For each device, you'll want the following information:

  • What the device is, its make and model, and the types of connections it uses (both inputs and outputs). You can then highlight the connection you decide to use within your setup. For example:

    • Device #1
      Type A/V Receiver
      Make/Model Yamaha RX-V683BL
      Input Connection(s) HDMI, RCA, Optical
      Output Connection(s) HDMI, RCA, Speakers
       
    • Device #2
      Type TV
      Make/Model Samsung
      UN40MU6300
      Input Connection(s) HDMI
      Output Connection(s) Optical
       
    • Device #3
      Type Blu-Ray Player
      Make/Model Panasonic
      DMP-UB700
      Input Connection(s) None
      Output Connection(s) HDMI
       
    • Device #4
      Type Game Console
      Make/Model Nintendo Switch
      Input Connection(s) None
      Output Connection(s) HDMI
       
    • Device #5
      Type Record Player
      Make/Model Audio-Technica
      AT-LP60
      Input Connection(s) None
      Output Connection(s) RCA
       
    • Device #6
      Type Cable Box
      Make/Model Arris XG1v3
      Input Connection(s) Coaxial
      Output Connection(s) HDMI

This lets you easily take stock of what you have, determine the number and types of cables you'll need, decide what is going where when it's time to connect everything, and generally organize your setup.

Draw a diagram

While this, too, can seem silly at first, it is key to understanding how everything connects. The best installers at movie theaters all have a 'map' drawn up simply showing where each part is, where it goes, and how it connects. When it comes to troubleshooting, adding a new device, or taking one away later, this will be the single most helpful document you have.

It can be as simple or as complex as you feel you need. In most cases, for a home theater, a simple diagram with your receiver in the center, and each device around it with colored, labeled lines indicating the type of connection used, arrows for inputs and outputs, and speakers involved is more than adequate.

Diagram of speaker layout

3 Power Requirements

While you simply need to power every device in your home theater setup, thinking about how to protect your investment from power surges is also something to consider.

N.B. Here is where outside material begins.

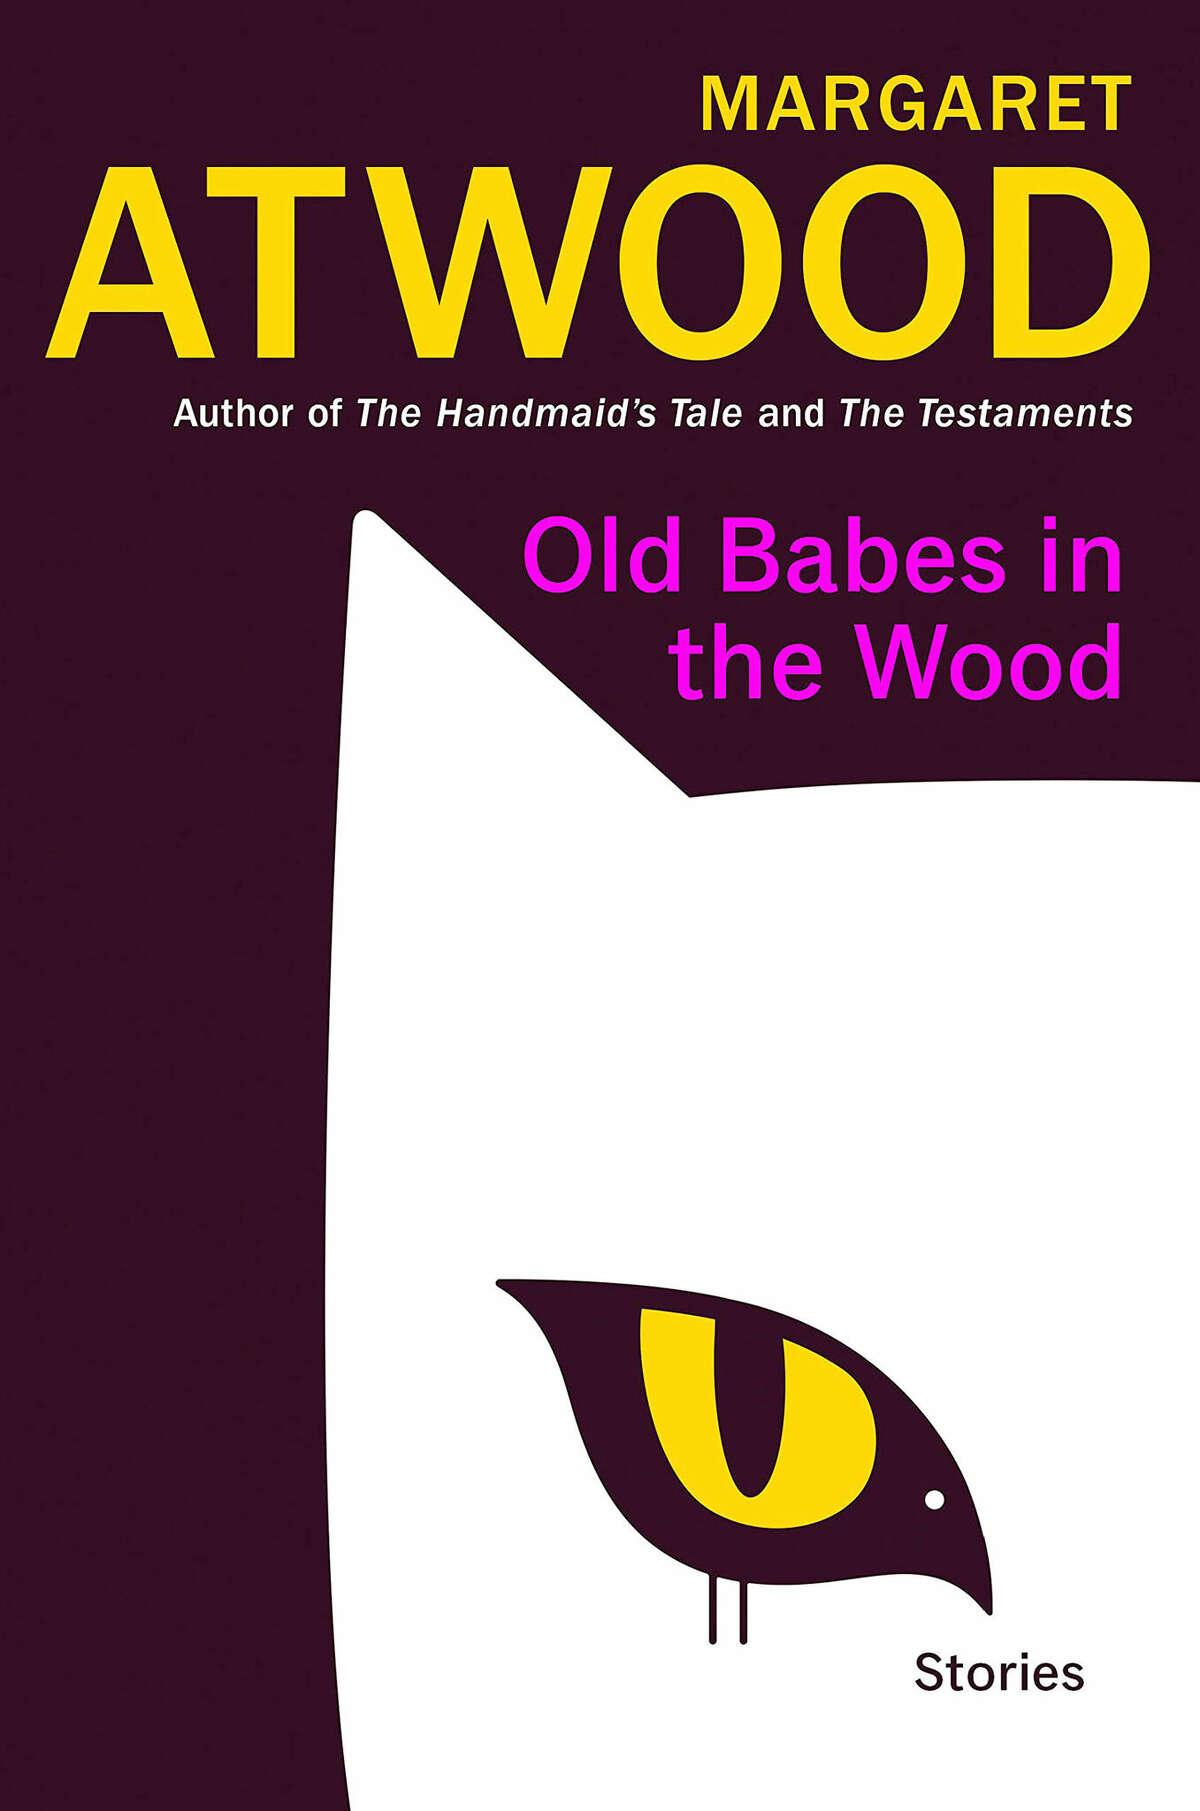 "Old Babes in the Wood"

This is an area where a little planning goes a very long way:

  • How many devices will you be connecting?
    • If you have six total devices, a small four plug power strip will not suffice.
  • Will you want to expand and add more devices later?
    • Most people will end up adding to and expanding with more devices in the future. You'll want to have extra outlets available to accommodate your future needs.
  • Do you want an easy way to turn on and off your whole setup?
    • Some power delivery devices will have front-facing power switches, or readouts for how power delivery is happening.
  • What shape of plugs do you have?
    • While most devices have moved away from the large, boxy AC to DC adapters that stick out of the wall or hang off the socket, they can still pose a problem. Depending on the type of power delivery accessory you choose, these types of plugs might interfere with neighboring outlets. Some power delivery device manufacturers have taken this into account, and rotated the plugs to make it less of an issue.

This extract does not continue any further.